| MATERIAL FOR THIS TASK |
--------------------------------

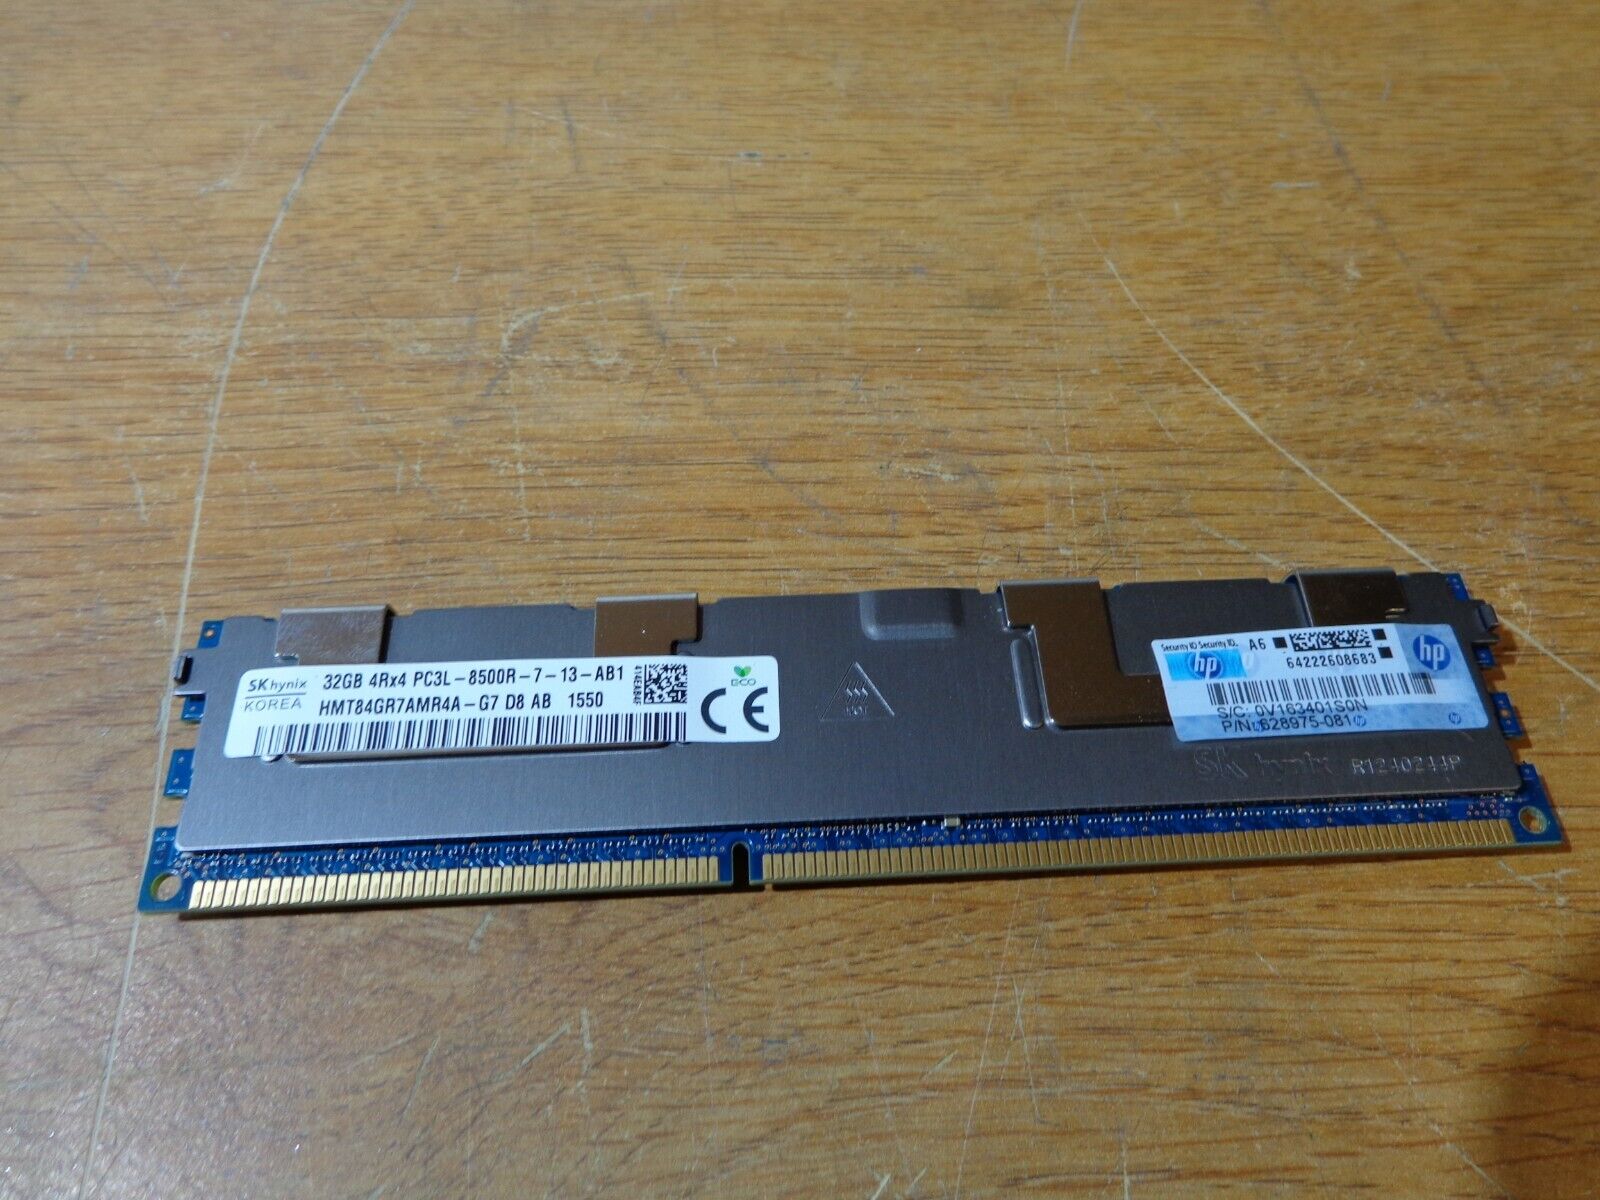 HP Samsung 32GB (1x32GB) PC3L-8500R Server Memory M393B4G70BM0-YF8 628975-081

--------------------------------

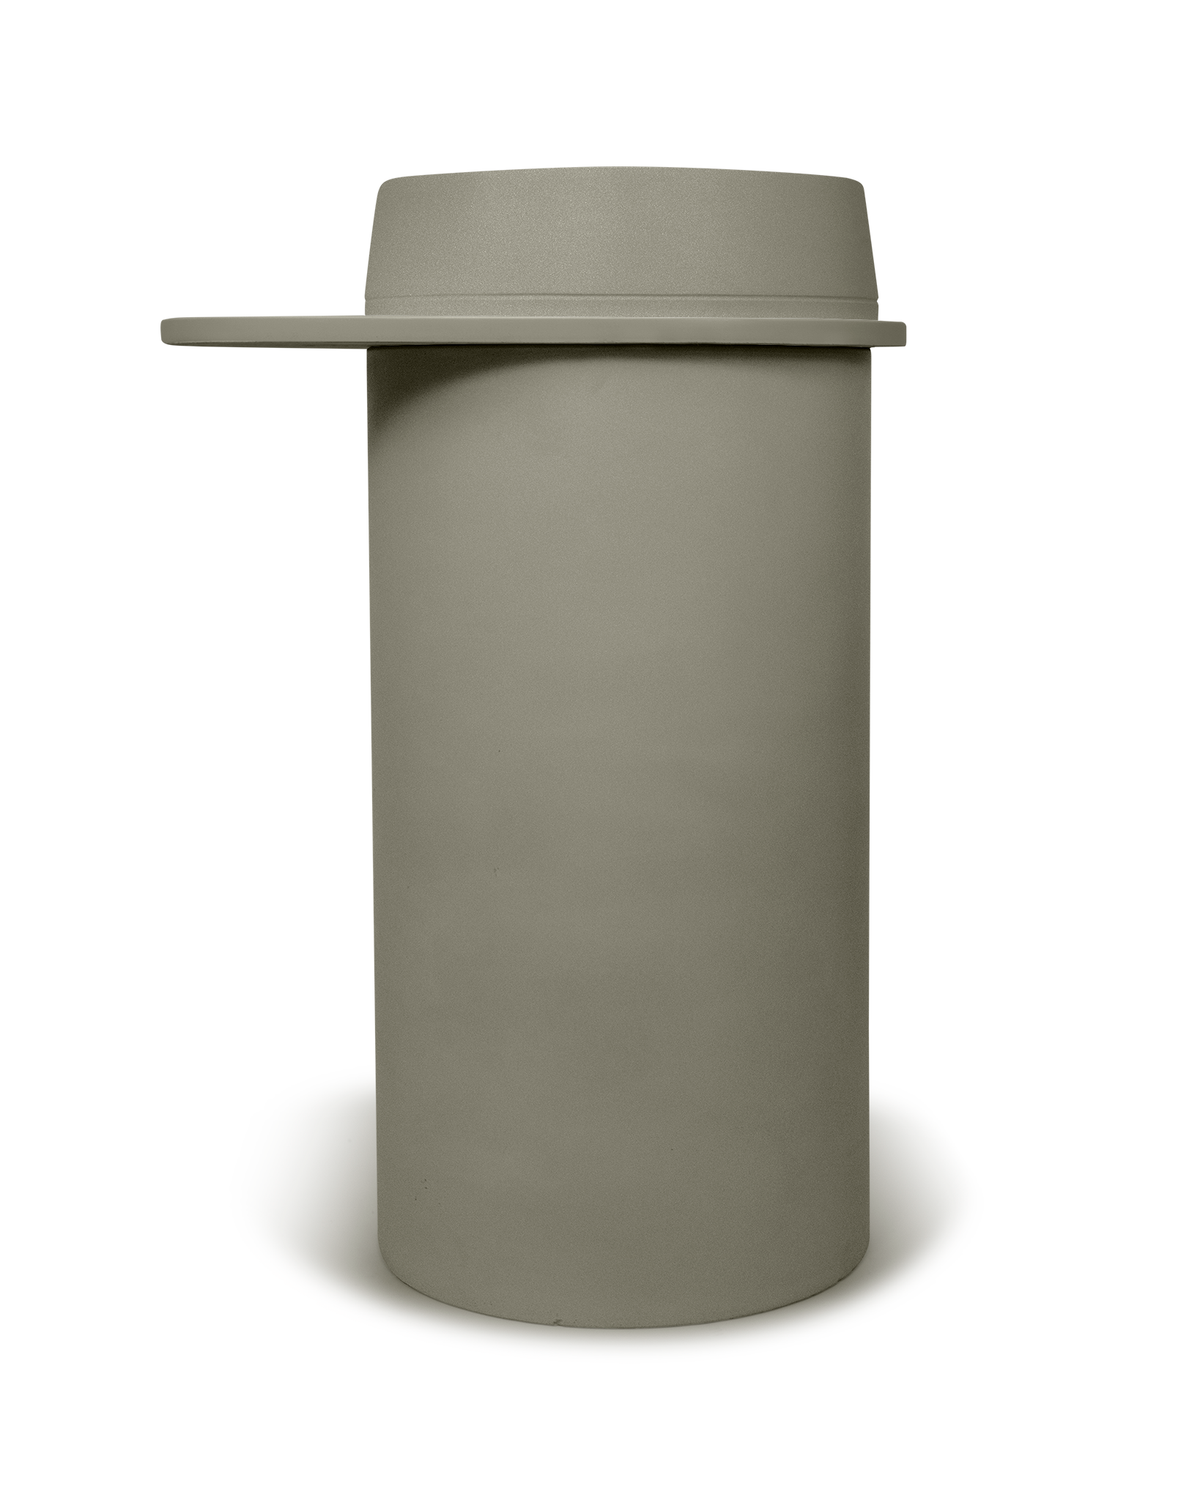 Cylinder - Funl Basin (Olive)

--------------------------------

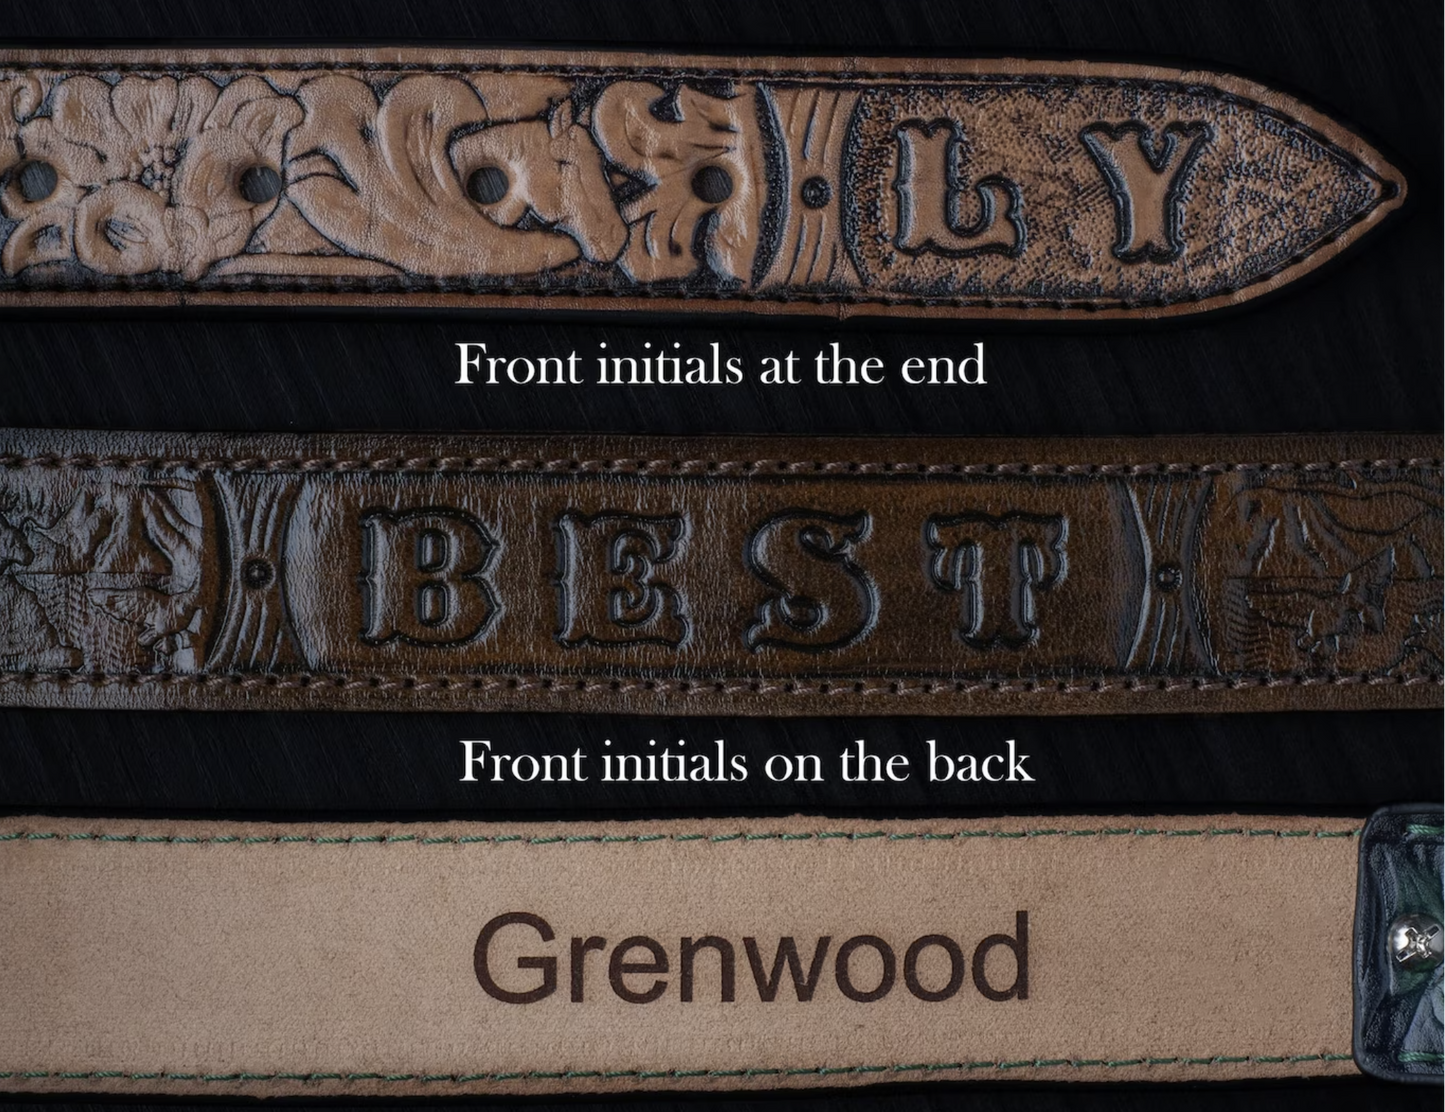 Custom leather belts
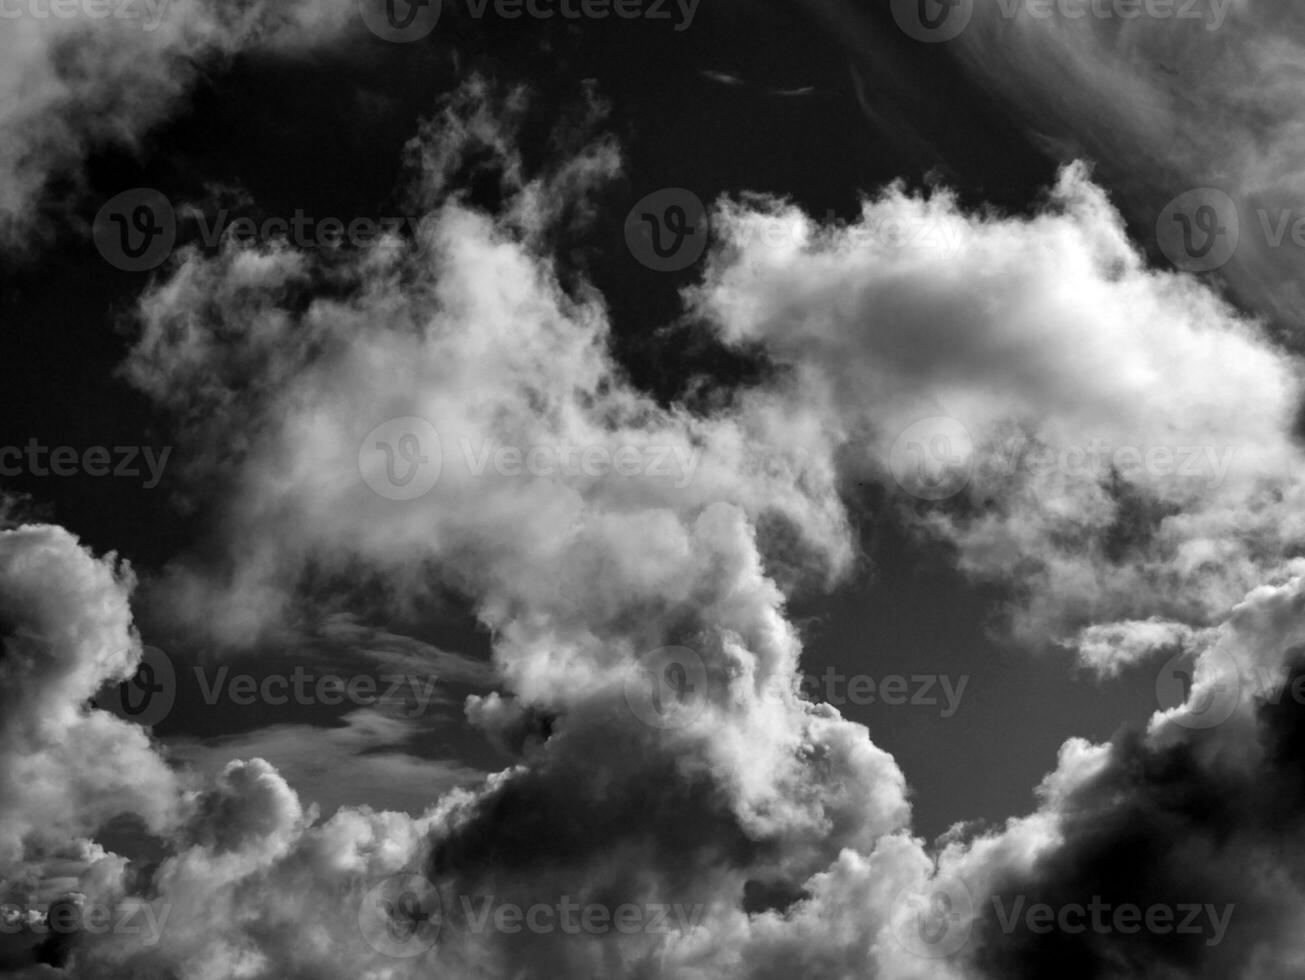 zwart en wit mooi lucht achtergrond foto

--------------------------------

| TASK |
Repeat exactly the lines above, from the line that contains "Custom leather belts" down through the line that contains "zwart en wit mooi lucht achtergrond foto". Include both of those lines and none of the pictures.

| WRITTEN SOLUTION |
 Custom leather belts
 zwart en wit mooi lucht achtergrond foto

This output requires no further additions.